Who ordered the scrambled brains?

1994 Blog of the Year! (Albania Times)

$5 in Your Pocket

Why am I a bad student? For reasons like what happened just now, when I checked the calendar online and found that instruction doesn’t in fact begin tomorrow as I had thought, but on Thursday! Whooo! That’s like finding five bucks in a jacket you haven’t worn in a while. Which reminds me, I found $40 on the ground outside my apartment last night. Drug deal, (minor) ransom drop-off, or fluke, I took the money and never looked back. It all came together for me to finally book that dream vacation: a Monday-to-Wednesday stay in the presidential suite at the Hungry Valley Motel 6. Trust me, readers: some times, good things really do just happen.

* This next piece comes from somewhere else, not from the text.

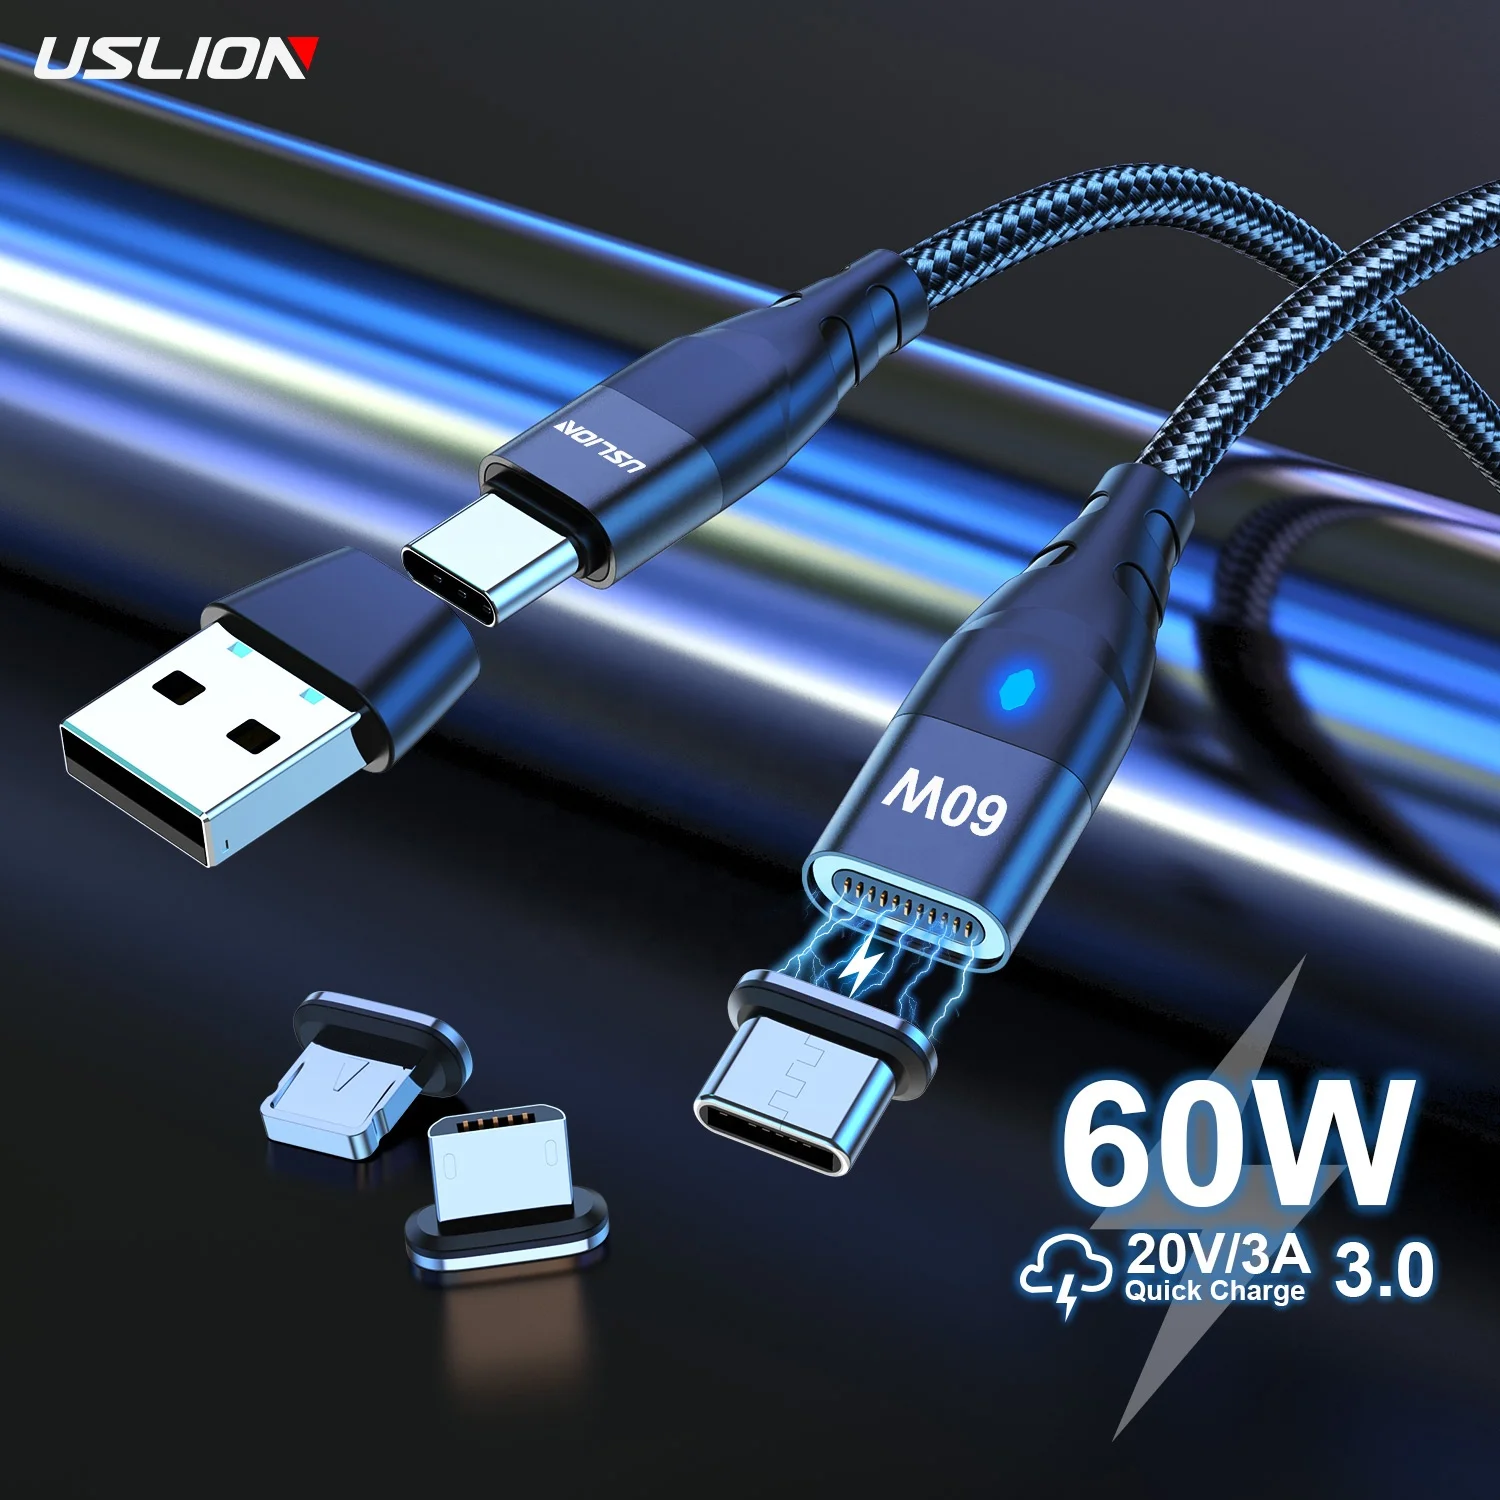 

USLION OEM 1M PD 60W 6 IN 1 USB Type C Magnetic Cable Charger Mobile Phone 3 IN 1 Micro USB Data Cables Phone Tablet for iphone, Black blue purple red (oem color contact seller)

Speaking of flukes, my laptop died last week. So we learn that bad things really do just happen as well. Luckily iBooks can startup in a limited Firewire hard-drive mode in which you can connect it to another Mac and access the hard drive. After a tense race against time, I finally got my laptop to the Apple store so I can hand it over to a so-called “genius bartender.” “Helpful neighborhood troubleshooter who doesn’t know anything more than what is publicly available on Google” is what I prefer to call them, or “HntwdkamtwipaoG” for simplicity. It’s being overnighted to Apple-land, where it will remain for seven days before they decide it’s easier to just send me a new one, sans-stickers (EFF, Amnesty International, Novell Linux Desktop which I’ll admit is close to ostentatious on a Mac, and homemade old-school stamped label “PORTABLE ELECTRIC TURING MACHINE“). (A Turing machine is really simplifed model of a basic computer.) I have extras of all the stickers except my EFF one; guess I have to donate again.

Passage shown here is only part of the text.